TASK STATEMENT: In the records that follow, find the line containing "Een persoon loopt" and the line containing "Villa a Schiera", then transcribe both and every line between them exactly, omitting pictures.

MATERIAL TO PROCESS:

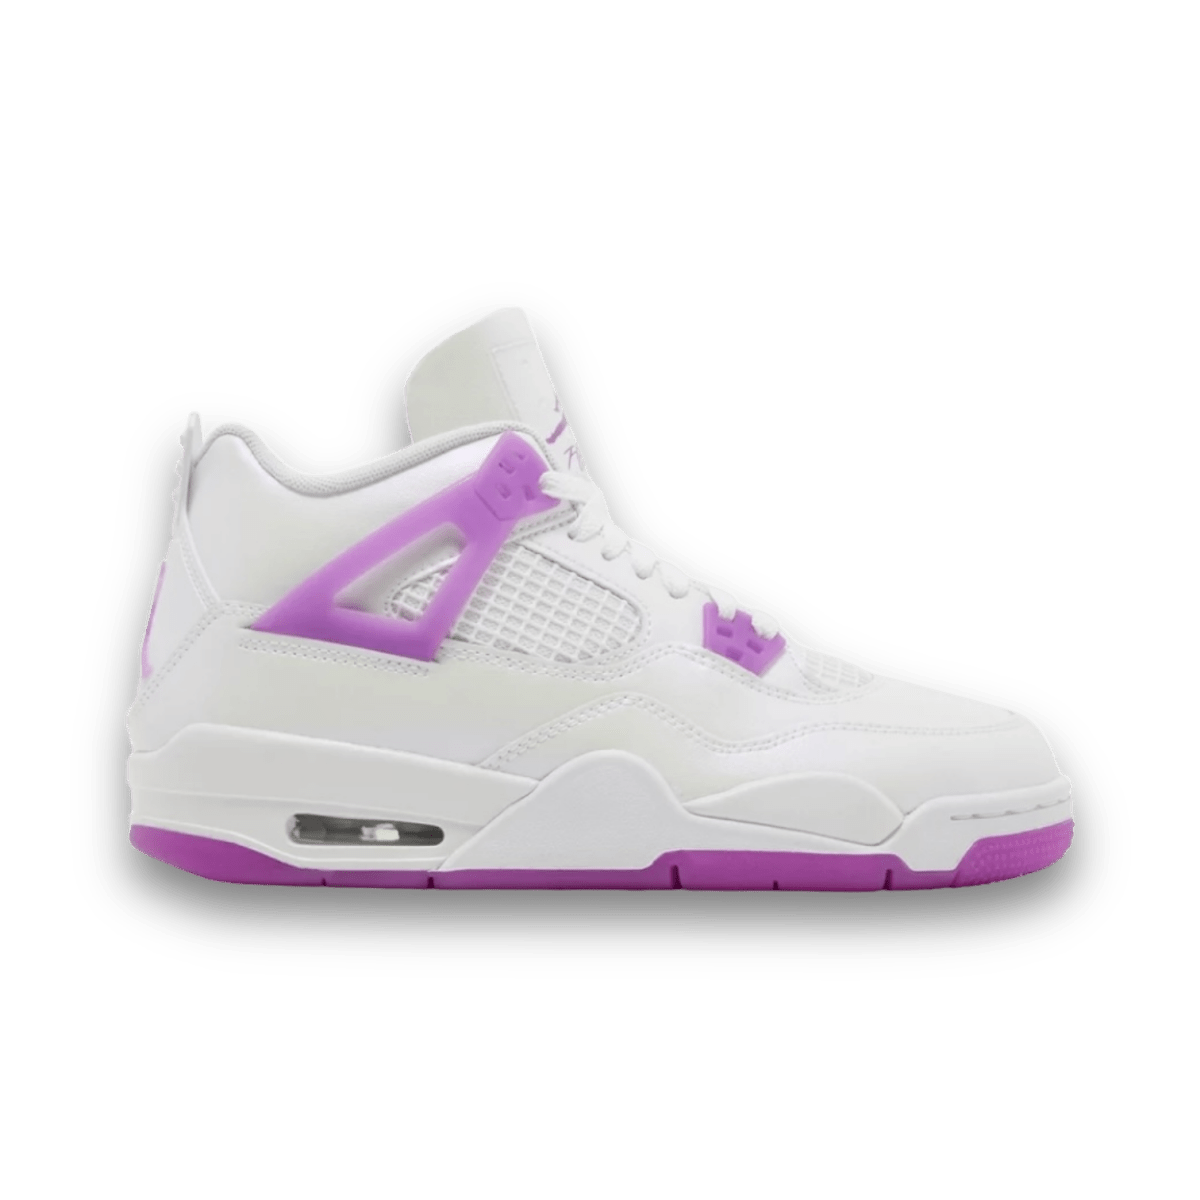 Air Jordan 4 Retro 'Hyper Violet' - Toddler - Mid Sneaker - Jawns on Fire Sneakers & Streetwear
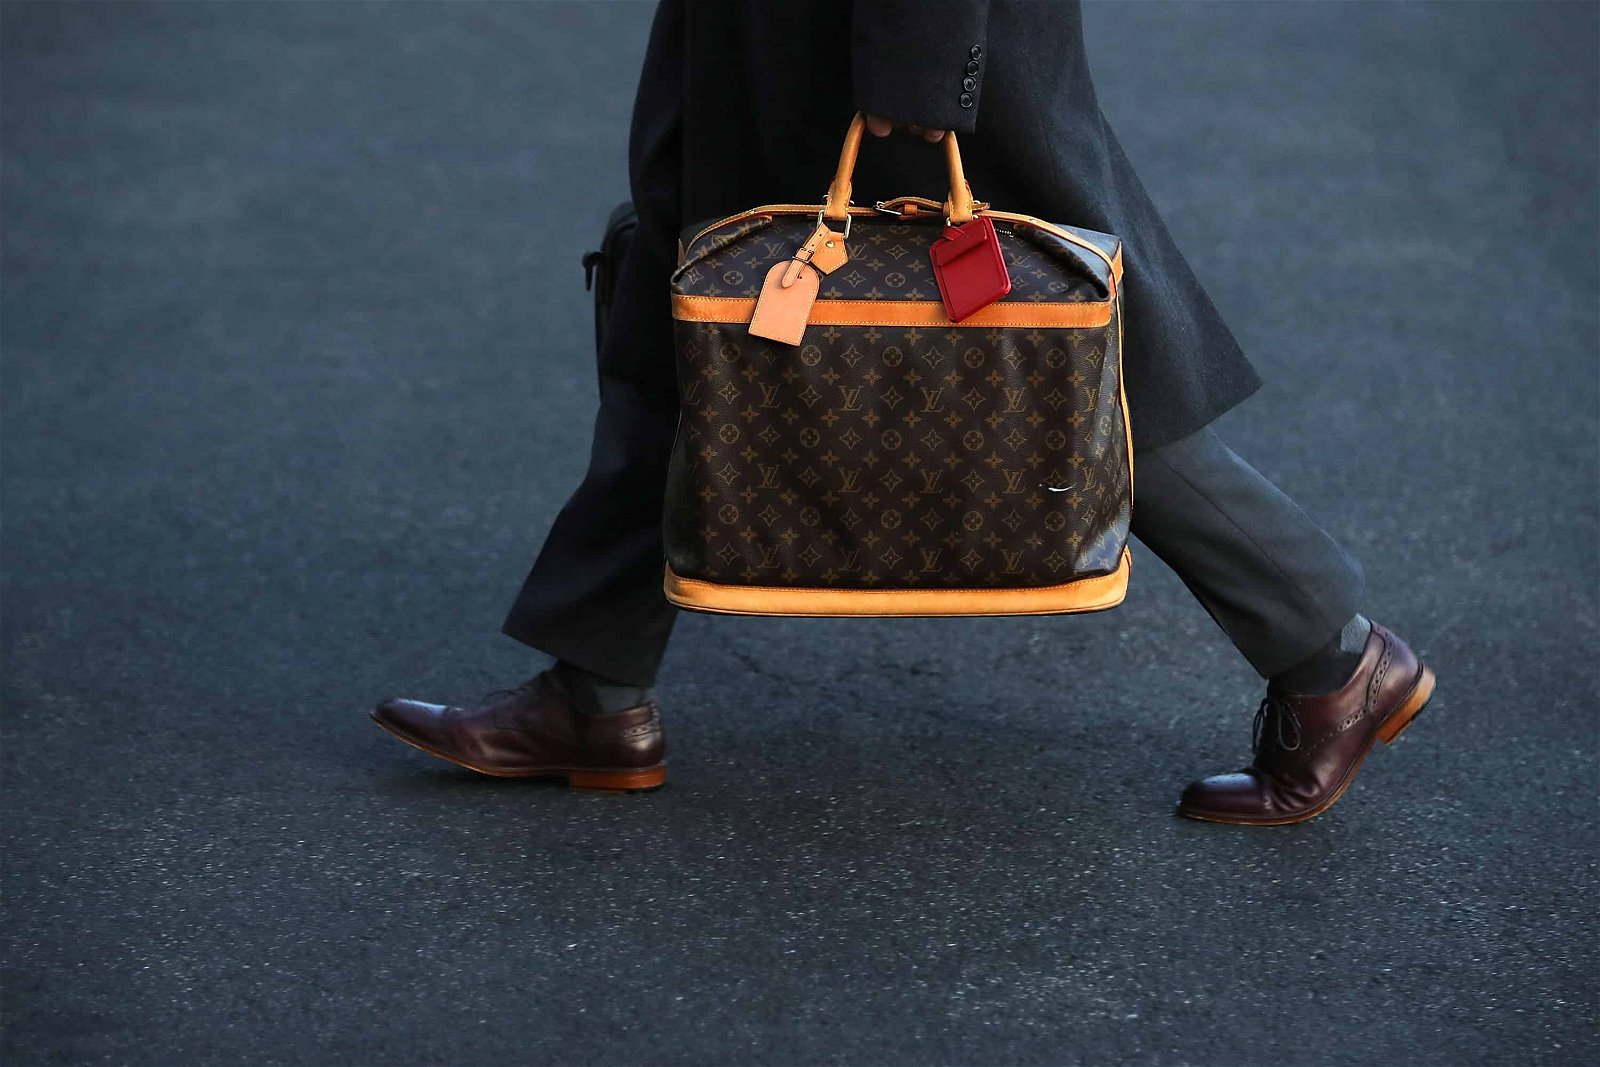 Een persoon loopt met een tas van Louis Vuitton over de straat.
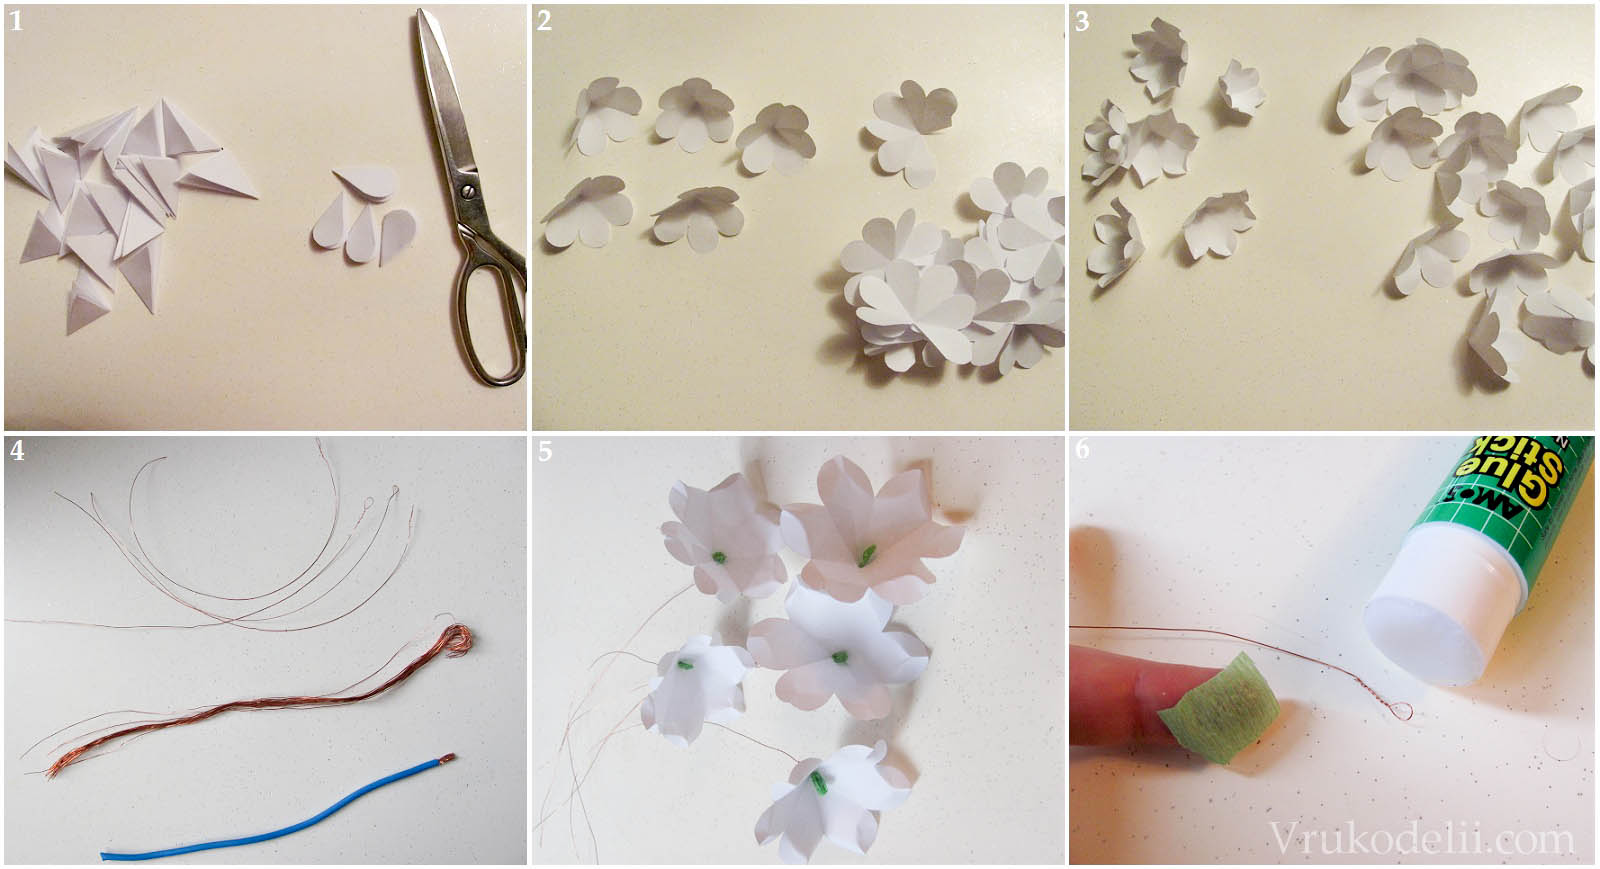 Как сделать своими руками цветы из бумаги для скрапбукинга
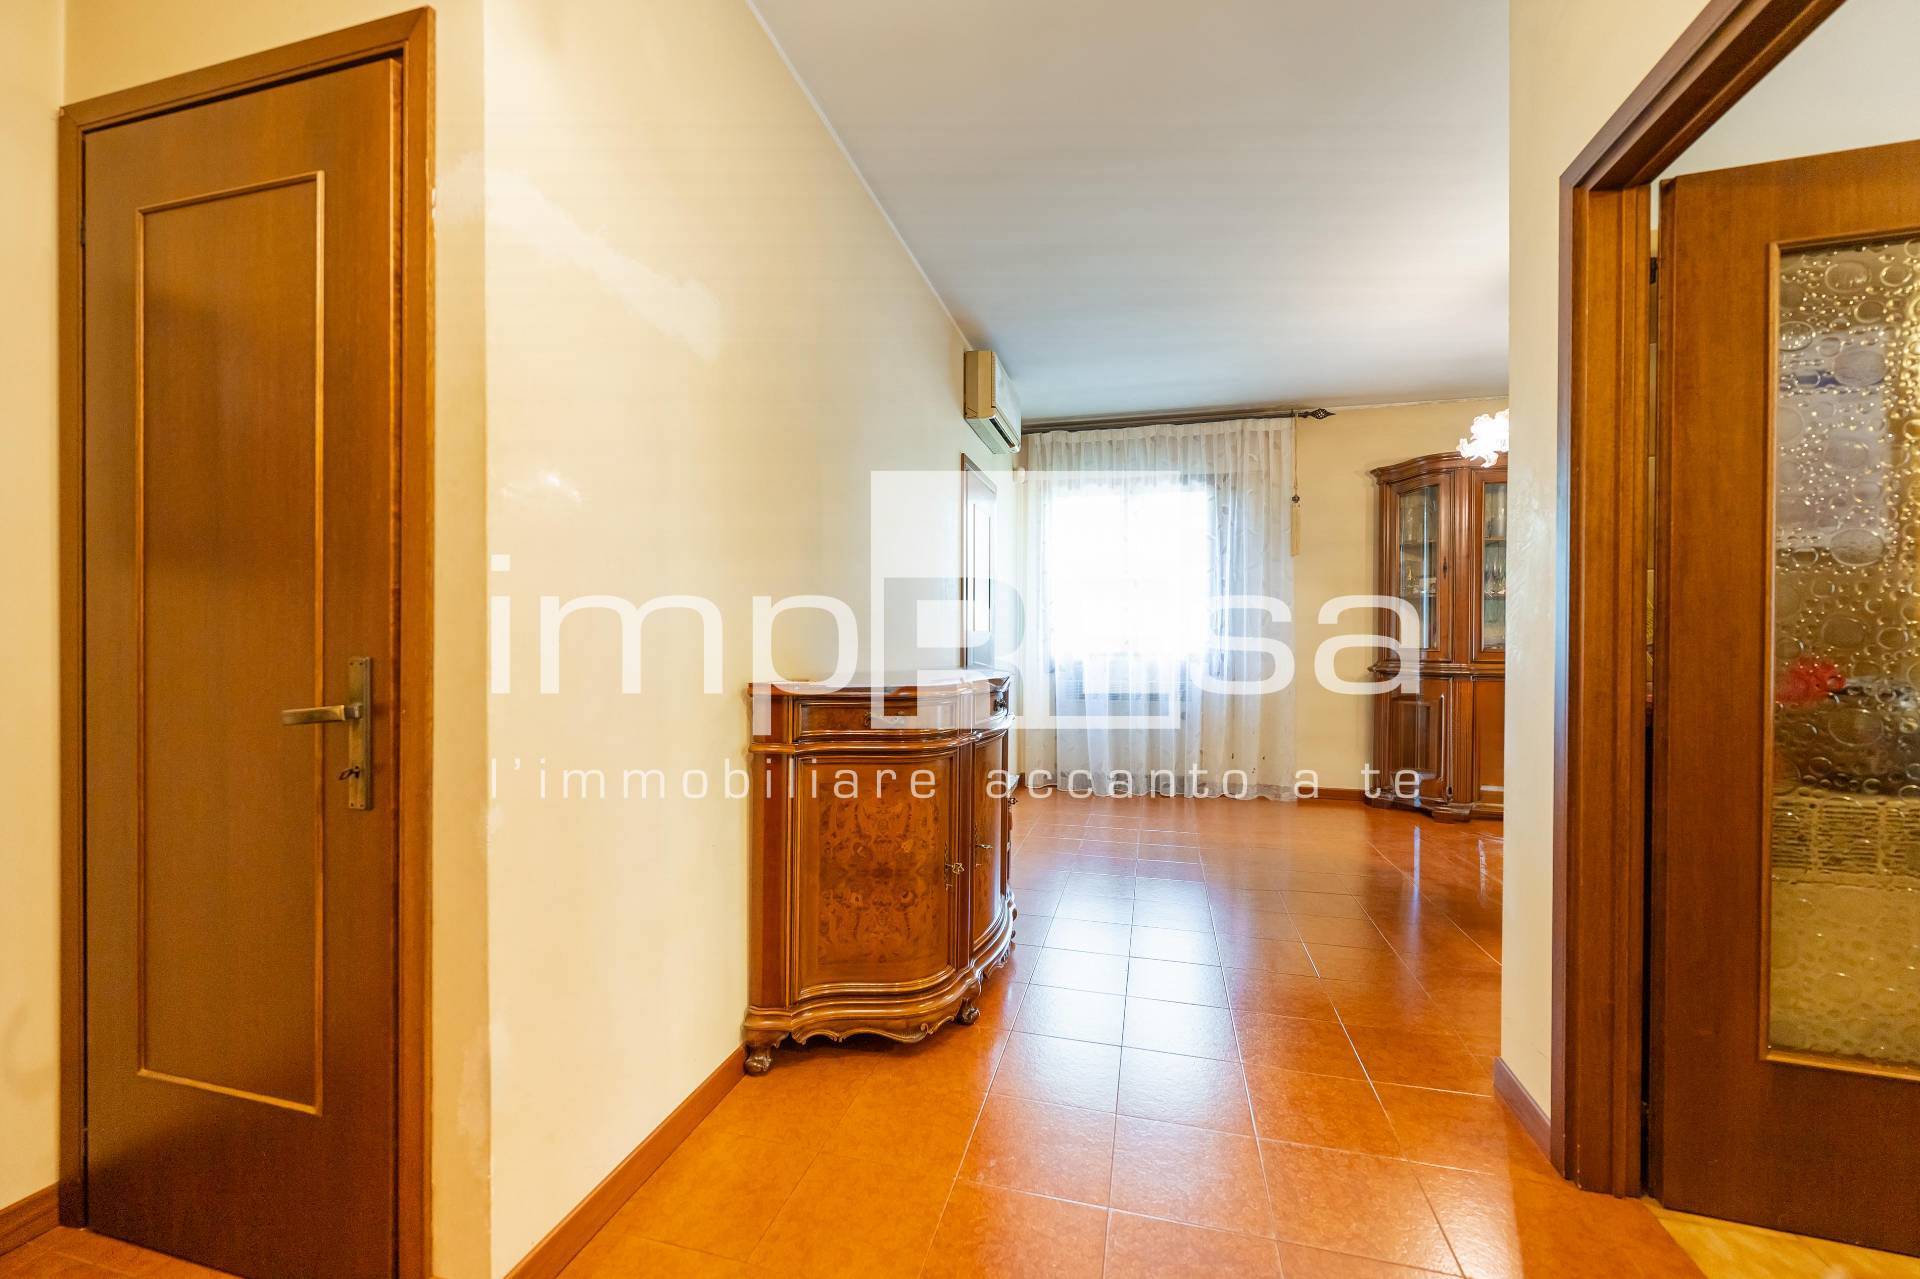 Villa a Schiera in vendita a Martellago, 4 locali, prezzo € 239.000 | PortaleAgenzieImmobiliari.it
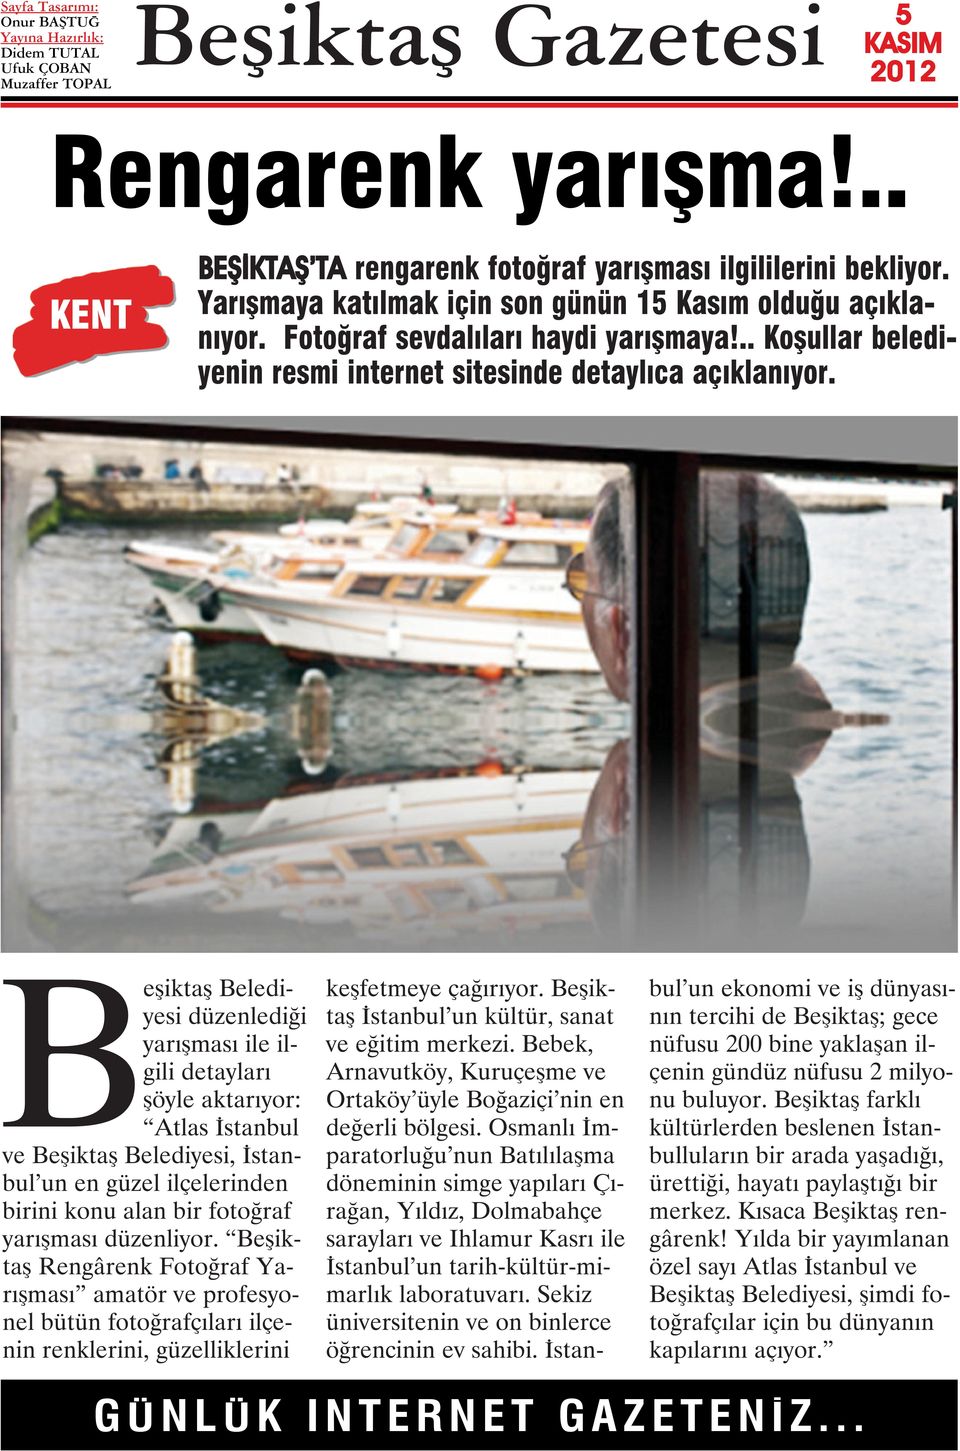 Beşiktaş Belediyesi düzenlediği yarışması ile ilgili detayları şöyle aktarıyor: Atlas İstanbul ve Beşiktaş Belediyesi, İstanbul un en güzel ilçelerinden birini konu alan bir fotoğraf yarışması
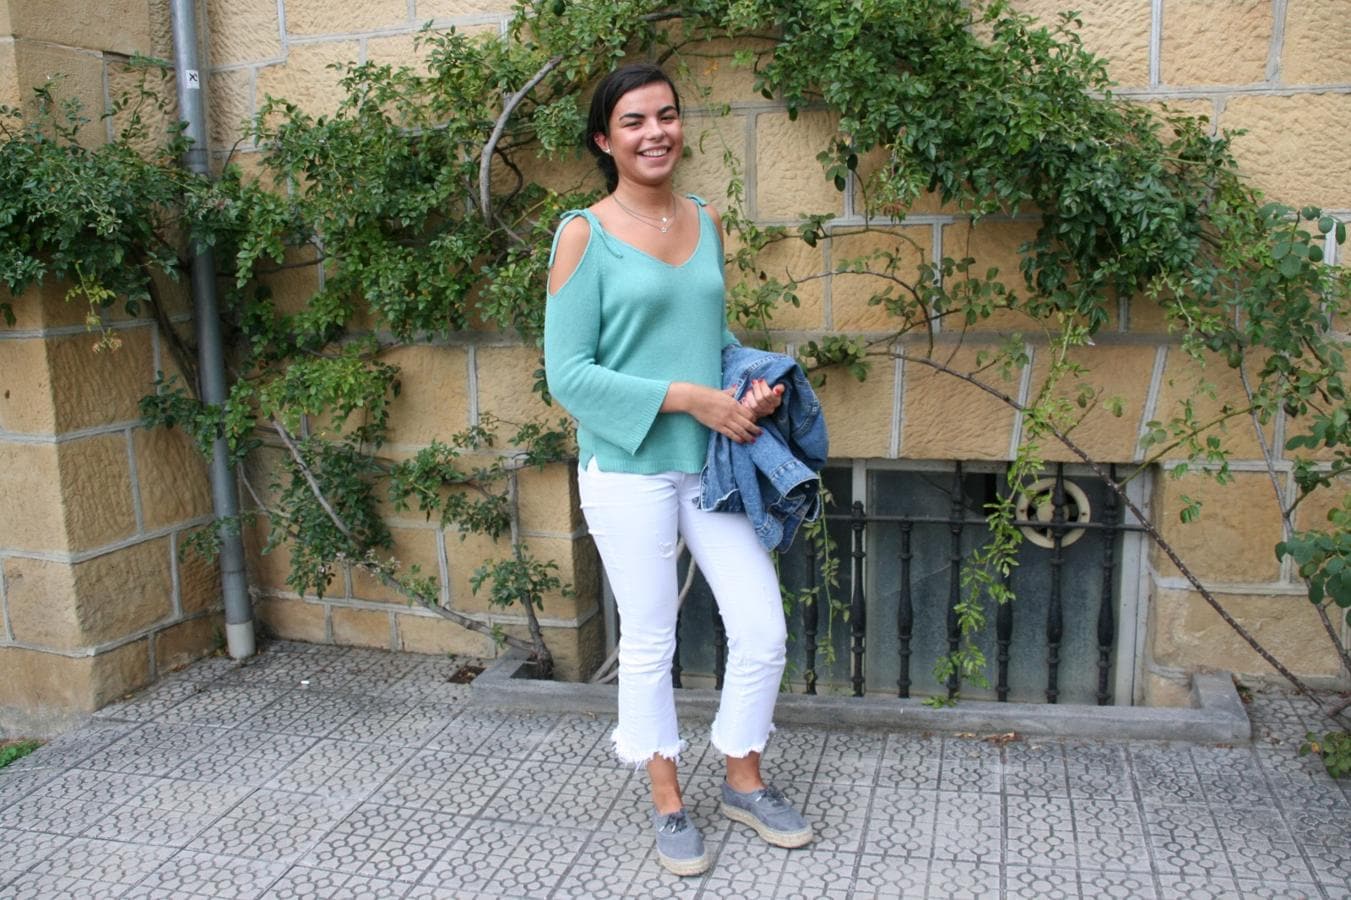 María Carranza, de 19 años, define su estilo como “casual”. Luce unos pantalones blancos de la firma Rennata & Go, que ha combinado con un jersey verde con los hombros descubiertos y unas zapatillas, ambos de Brownie. La chaqueta vaquera es de Pull & Bear.

COMPLETED TASK:
 Een persoon loopt met een tas van Louis Vuitton over de straat.
 Как сделать своими руками цветы из бумаги для скрапбукинга
 Villa a Schiera in vendita a Martellago, 4 locali, prezzo € 239.000 | PortaleAgenzieImmobiliari.it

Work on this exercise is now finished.